FCA’s ‘regulatory nursery’ to offer immediate post-authorisation support and guidance for new firms.
UK Chancellor of the Exchequer wants case for “Britcoin,” instead of bitcoin, examined.
NatWest will take “cautious approach” in dealing with business customers who accept cryptocurrencies.
Find out more on these stories below.
Treasury and Bank of England launch taskforce to explore potential central bank digital currency
Mr Rishi Sunak, UK Chancellor of the Exchequer, made the announcement while launching the FinTech Week Conference on Monday.
The central bank-backed digital version of sterling could disrupt lending firms in the current system since clients could then hold accounts directly with the Bank of England. However, Mr Sunak emphasised that no decision would be made on introducing CBDC to the UK market without both rigorous analysis of the risks and rewards of the move, and broad engagement with all stakeholders. Digital sterling would not replace cash or existing bank accounts.
Scores of other central banks are exploring digital currencies, with the Bahamas, Cambodia and China ranking highest for maturity of their retail digital currency projects and the latter a front-runner to launch a CBDC. Meanwhile, the European Central Bank earlier this week published the results of a public consultation process on a possible digital Euro in the future.
Read more on this story at Reuters.
NatWest's “cautious approach” to cryptocurrencies, will be responsive to evolving regulatory environment
During an online shareholder briefing on Wednesday Mr Morten Friis, head of NatWest's risk committee, said that NatWest will not serve business customers who accept payment in cryptocurrencies such as bitcoin, which the UK lender has categorised as “high risk.”
He said that this stance referred to businesses backed by cryptocurrencies or transacting mainly in them. While he regarded cryptocurrencies as “high risk” after recent Financial Conduct Authority (FCA) warnings to crypto currency customers, he acknowledged that regulation in this area is evolving rapidly, adding that NatWest will watch FCA progress closely and respond accordingly. Mr Friis emphasised that NatWest will “continue to take a cautious approach, but we’ll watch how the market evolves.”
The cryptocurrency Bitcoin has jumped 93% in value this year. Notable companies recently announcing plans to accept cryptocurrency payments have included Tesla, Lush and WeWork.
Read more on this story at The Guardian.
FCA introduces regulatory nursery initiative in support of newly authorised fintech institutions
The CEO of the UK’s Financial Conduct Authority, Nikhi Rathi, unveiled the initiative during his speech at Fintech Week.
He explained that "the regulatory nursery will keep us in close contact with firms immediately post-authorisation so we can provide support and, where we need to, intervene earlier to steer firms in the right direction."
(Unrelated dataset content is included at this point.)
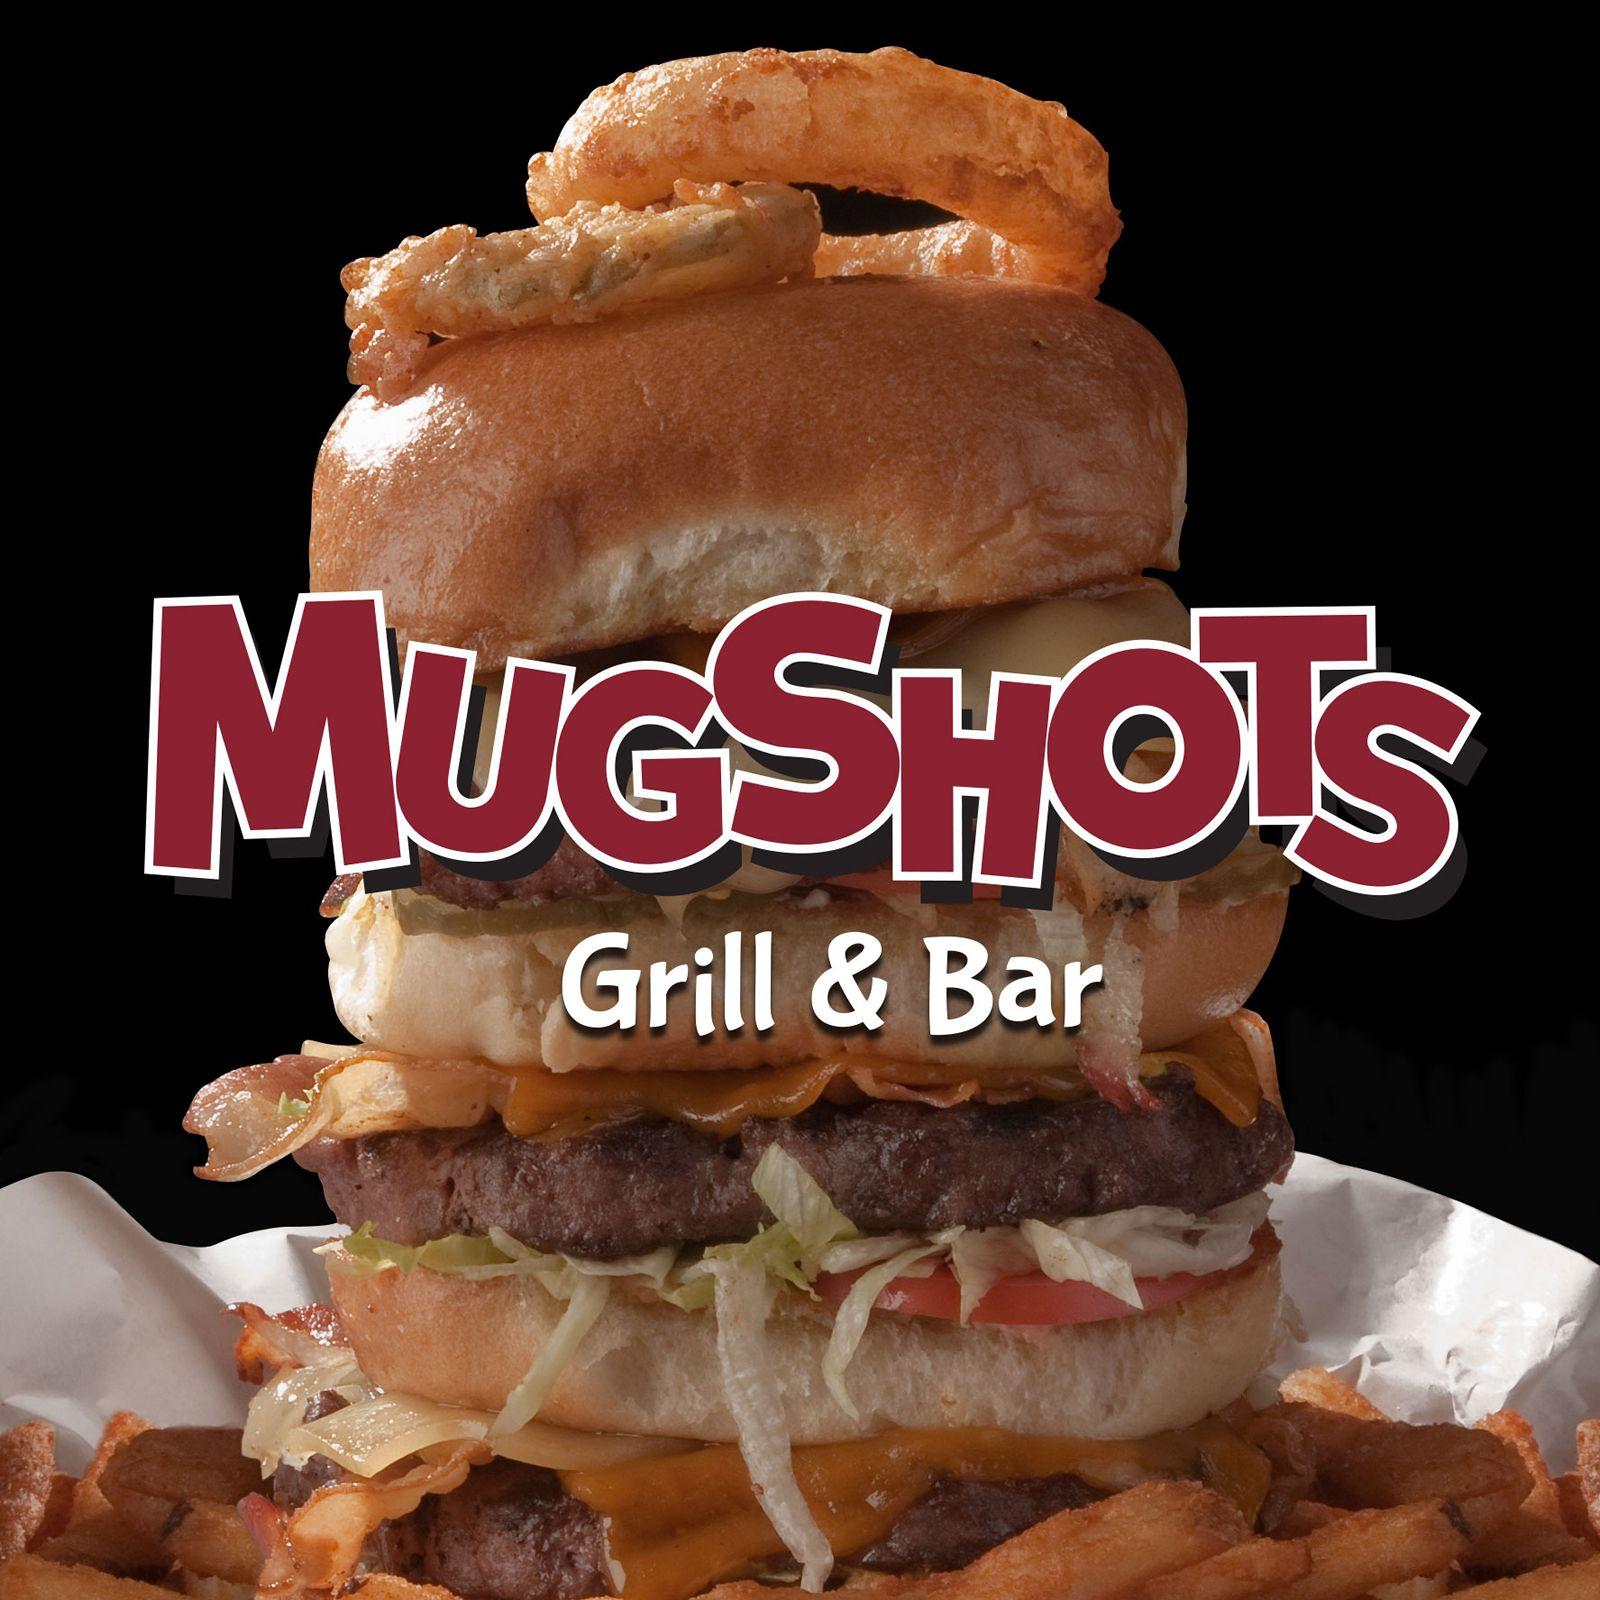 Mugshots Grill & Bar Announces Acquisition

He believes this will both enrich oversight as the new firms grow into their regulatory moulds, and level the playing field for them against more established firms which have longer track records in the industry.
Mr Rathi also said the FCA’s successful fintech sandbox program pilot is expanding in scale and frequency, with a well-funded advertising campaign to support its broader rollout.
Additionally, the digital sandbox pilot-in partnership with The City of London Corporation, which proved invaluable during the Coronavirus response, will now recalibrate to focus on sustainability. This coincides with the first-ever appointment of a director of environment, social and governance at the FCA, Mr Sacha Sadan. His role will develop FCA policy on sustainable finance at home and abroad.
Welcoming Mr Sadan on board, FCA chief Rathi added “the FCA is rightly seen as an international leader on the role financial regulation should play in delivering a more sustainable and greener future.”